The dice engine is deliberately evil. If you just go by it you're not going to get a straight success, not terribly often. We'll get back to that.
For combat rolls you get all your modifiers, knock off an amount equal to your enemy's defense, and compare to the proper table. Roll as high as you can, cause the higher you roll means you not only do more damage but can also roll on a critical hit table.... and those get mean. Instant death mean. Better wear armor, because if you don't you'll find yourself in a coma for weeks. One strong roll and your character may be so critically injured that there's barely anything anyone can do to save them. And that's the point.
Drive, Passions, Advancement Lists, and Other Walls of Text
The dice engine in this game can be compared to a box of needles and knives and rusty forks, especially at lower levels. Because there's this awesome thing called Drive. Drive allows you to fudge the numbers, reduce critical hits, get rerolls, and make your stuff much more effective. Spending 10 Drive nets you a Milestone, which means you have the ability to have what's called a Revelation. Most of the time Revelations require time to process the events since the last Revelation, so usually you need some serious time off, but once you do you can increase stats, buff items, get more HP, and other little bumps. Considering that Drive should be flying off your character the issue is not in getting the Milestone, but having the time to get a Revelation (although the game does say that a dramatically appropriate moment can suffice).
How do you get Drive? You act on your Passions. Yes, folks, this game has Burning Wheel in its list of inspired games! You choose three priorities for your character. Like Burning Wheel what these three Passions could be is totally up to you, but the game has three default assumptions: Nature (behavior/demeanor), Allegiance (love/hate of another character), and Motivation (an actual concrete goal).

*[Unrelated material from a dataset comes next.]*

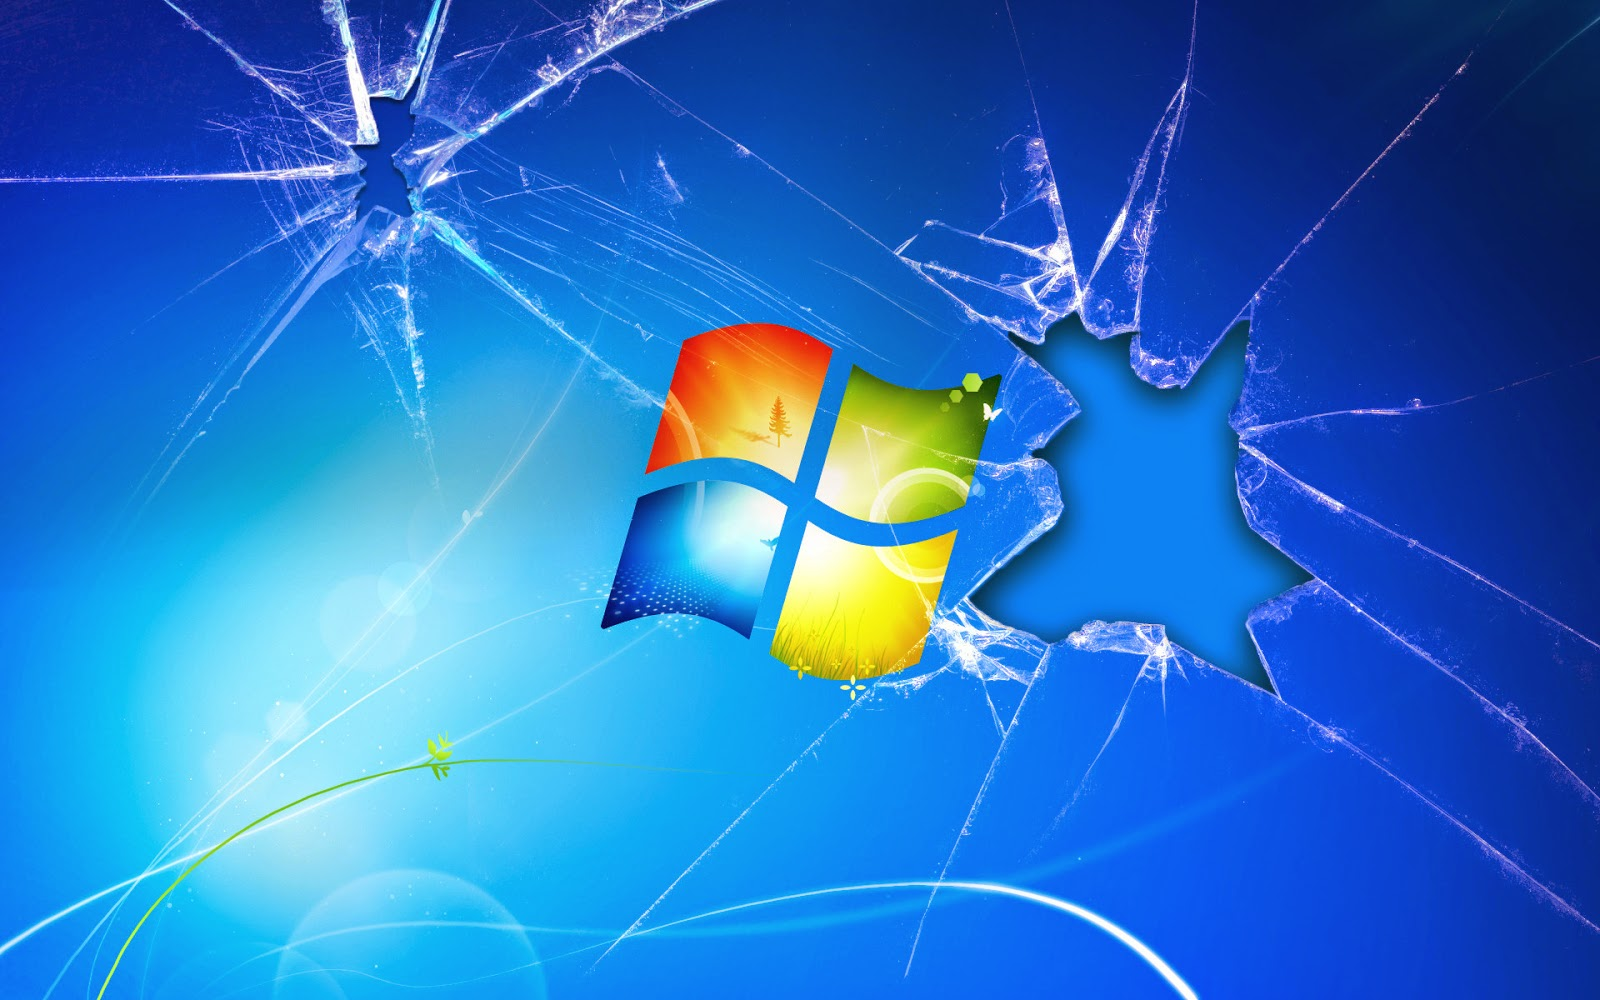 Crack etabs 9 5 Windows 8 rar
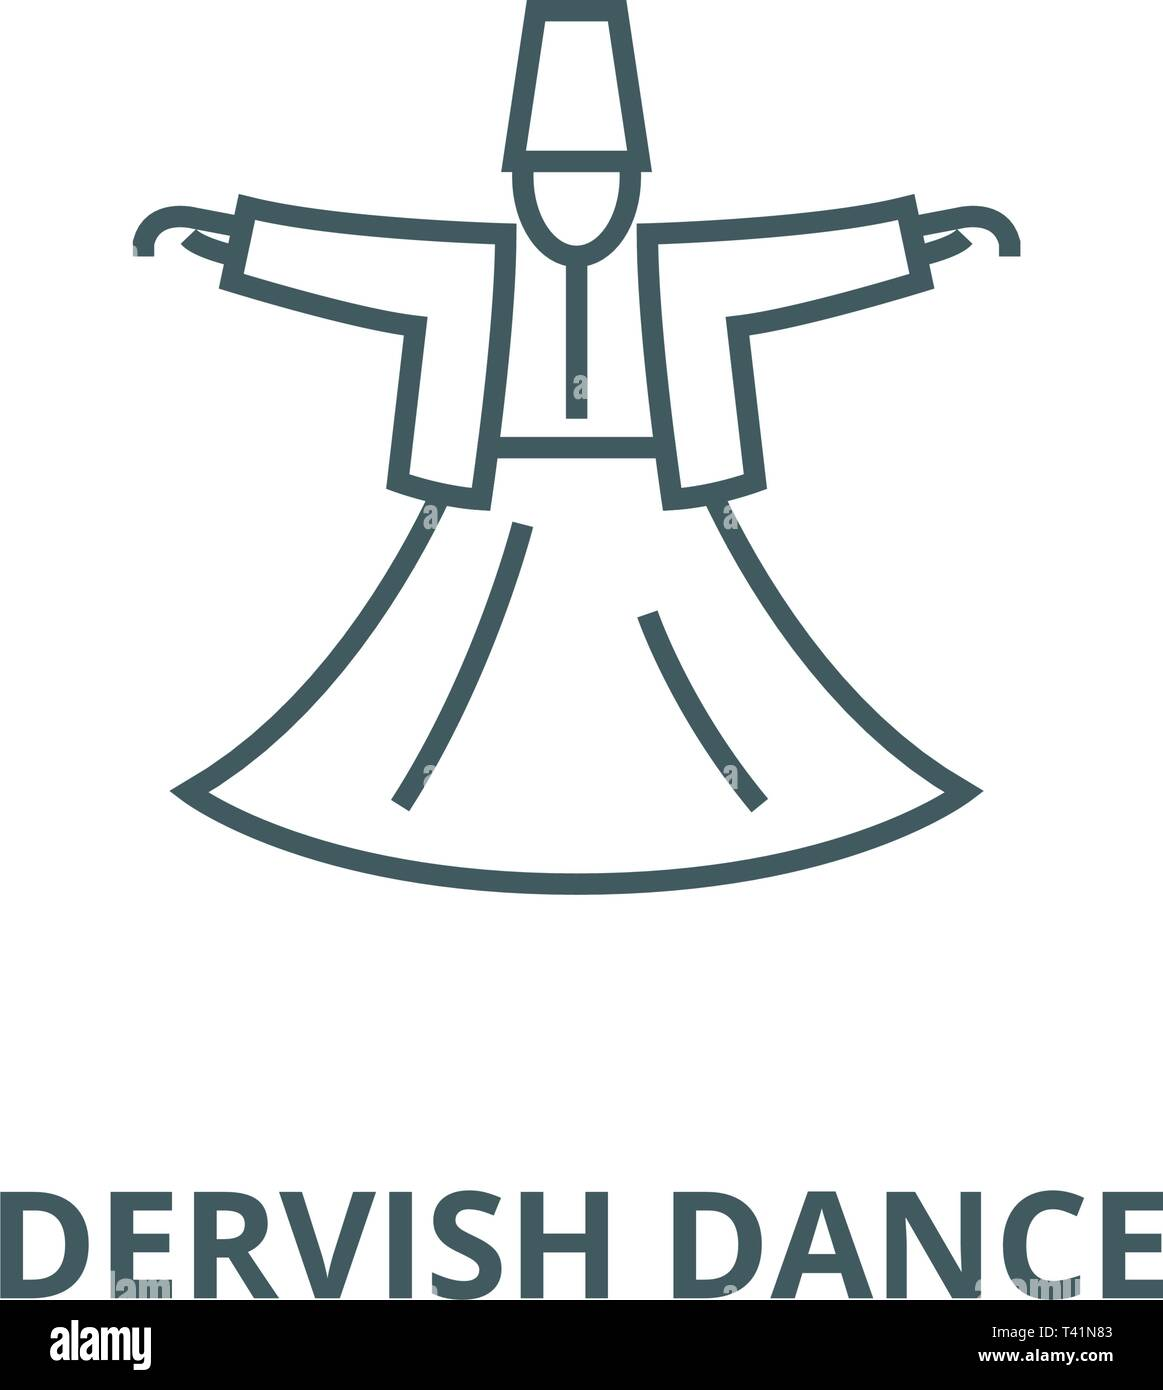 Dervish dance,islam line icon, vector. Dervish dance,islam outline sign, concept symbol, flat illustration - Stock Image

Other classifications can and do exist, but these are the three assumed by the game. Whenever you willingly put yourself into a dangerous situation or challenge, put yourself in a bad light because of your Passions, or put the story in a new or unexpected direction because of your Passions, increase your Drive by one.
Oh, there's an alternate rule where you can use heavy metal lyric quotes for Passions. I don't know why it's an alternate rule, because that's just too cool for words! At that point Passions become a reference to music... and the places you could go with that is amazing.
Your Drive caps at five. The game says you can either award Drive on the spot or at the end of the session, whatever you think is more appropriate to your story.
Now, I've read more than a few RPGs that claim to have Burning Wheel as an inspiration. Some of them it's a very surface level inspiration (cough Beyond the Wall cough hack), and others actually seemed to learn something from it (Blades in the Dark is definitely in this category). Against the Darkmaster is the only game I know of that actively apes Burning Wheel's core engine: two advancement engines which are fed by an open-ended "input" system. In Burning Wheel that's your Beliefs, Instincts, and Trait, which feed into the epiphany (grey-shading) and skill advancement systems.
For this game we've already talked about the Passion/Revelation engine, but there's also the Achievement List/XP engine, which completes the resemblance to Burning Wheel. The Achievement List is decided upon by the GM and the players, who determine which concrete actions in the world warrant XP or not. Against the Darkmaster openly wants your group to customize their own list of at least six options. The game gives two examples of such lists, with solid guidance on how to make your own. And the game expects the group as a whole to draft the list. Now, the game seems to imply that once the list is made that's it; no changing it. But there's nothing explicitly saying that you can't. And I have every intention of encouraging the list to change to reflect new situations.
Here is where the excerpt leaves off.